Without going into too many of the details — if for no other reason that this post is long enough and Joseph explains this stuff better than I could — the Eg-Walker algorithm is essentially the best of the OT and CRDT worlds, such that you can store operations similar to OT (just the position and character of the change), you don’t need to store tombstones and eat that storage cost of that, and you get guaranteed conflict-free merging of two documents like in a CRDT (with minimized interleaving too). For my project specifically it’s also nice that it fits well into the Operations system too. I imagine that in the future modern collaborative text systems will use such an algorithm by default, or something along these lines, since its tradeoffs are reduced compared to OT and CRDT.

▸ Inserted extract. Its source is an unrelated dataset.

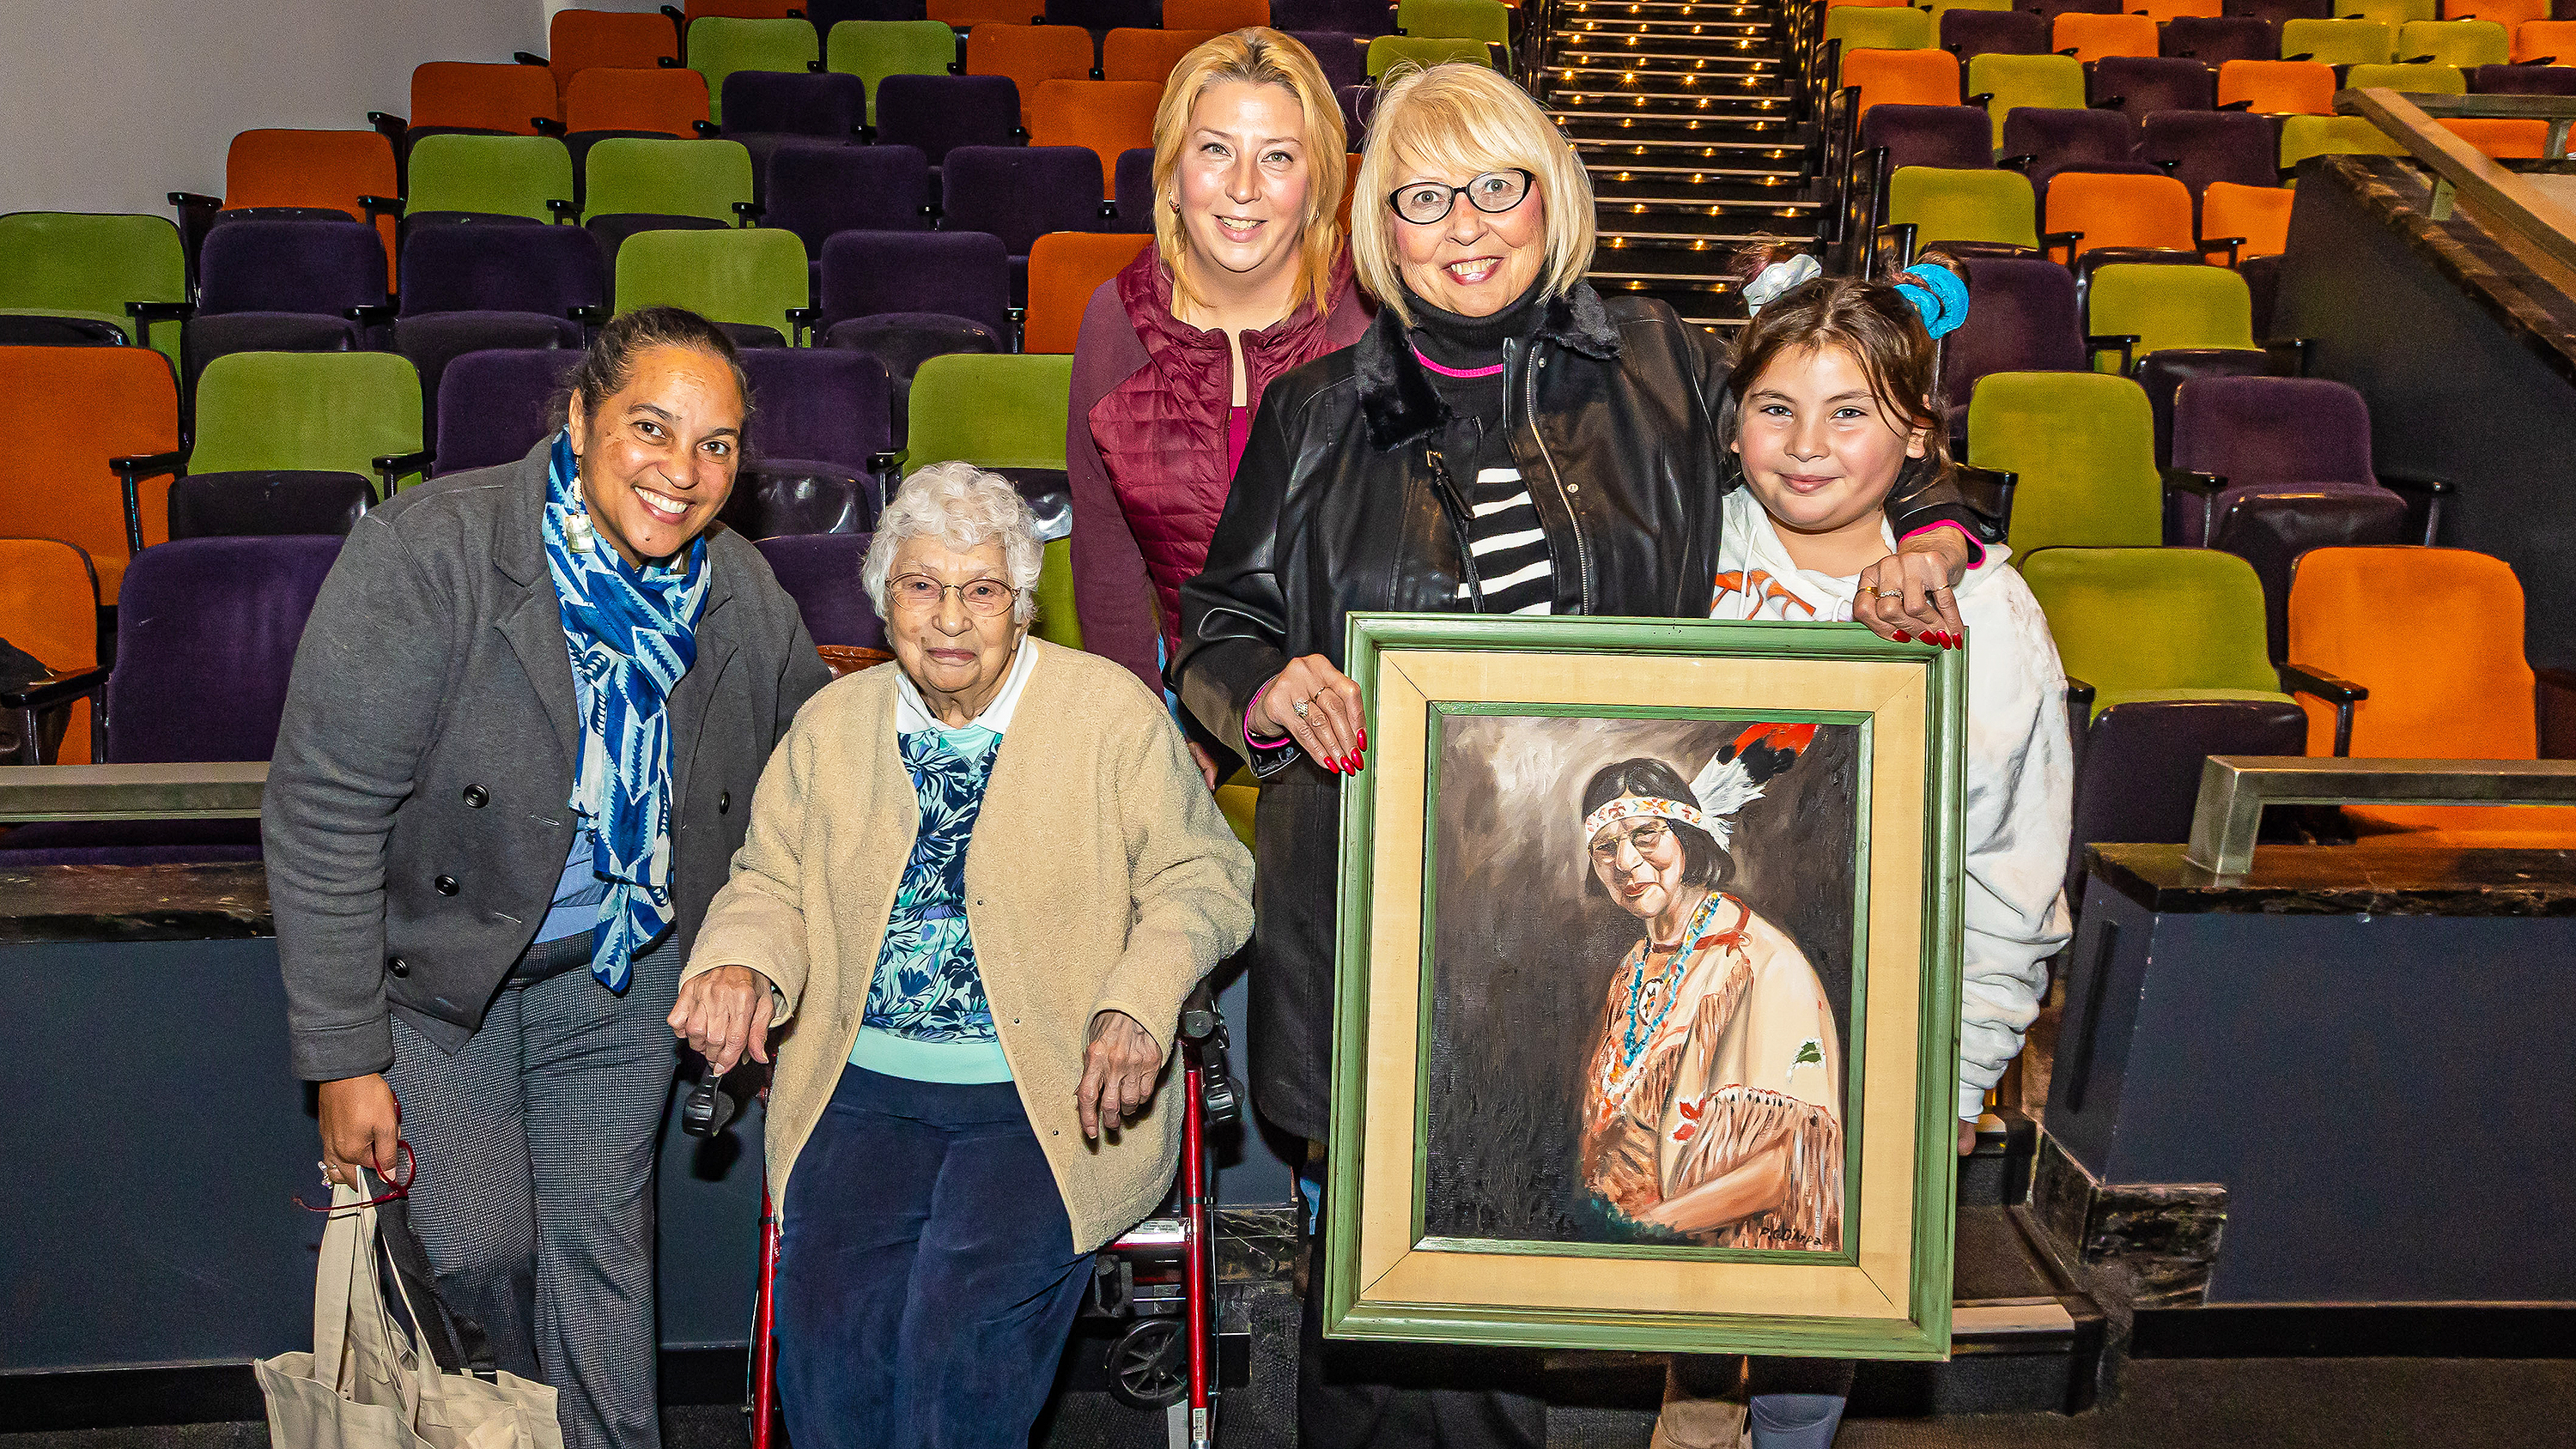 Loren Spears and descendents of Princess Red Wing pose with her portrait in the RISD Auditorium

As of the date of publishing this dev log, my implementation isn’t ready for open sourcing (I want to add more tests, and generally clean it up), but I plan to do so and I’ll update this post when I do. I’m looking forward to sharing what I’ve learned and implemented to the community so that they can get the benefits of a powerful collaborative text library too. Stay tuned (follow me on Github).◾️
P.S. I’ve started a new job at Tower! On the positive side, I’m enjoying it so far and learning a lot (I’ve never programmed in Go or Rust before), the team is welcoming, and to be honest it’s kind of nice to be back to a regular schedule of working, but on the negative side, that means I’m going to have less time to focus on this project. This does not mean I’m putting the project on ice like it was back in 2024, but it does mean that work on it and updates in the form of these logs will be less frequent than they already were. I still strive to keep a cadence of monthly/bi-monthly logs, but not sure how realistic it is.
If you’re reading this: 1. thanks! 2. I’ll add an RSS feed at some point so you don’t have to manually check.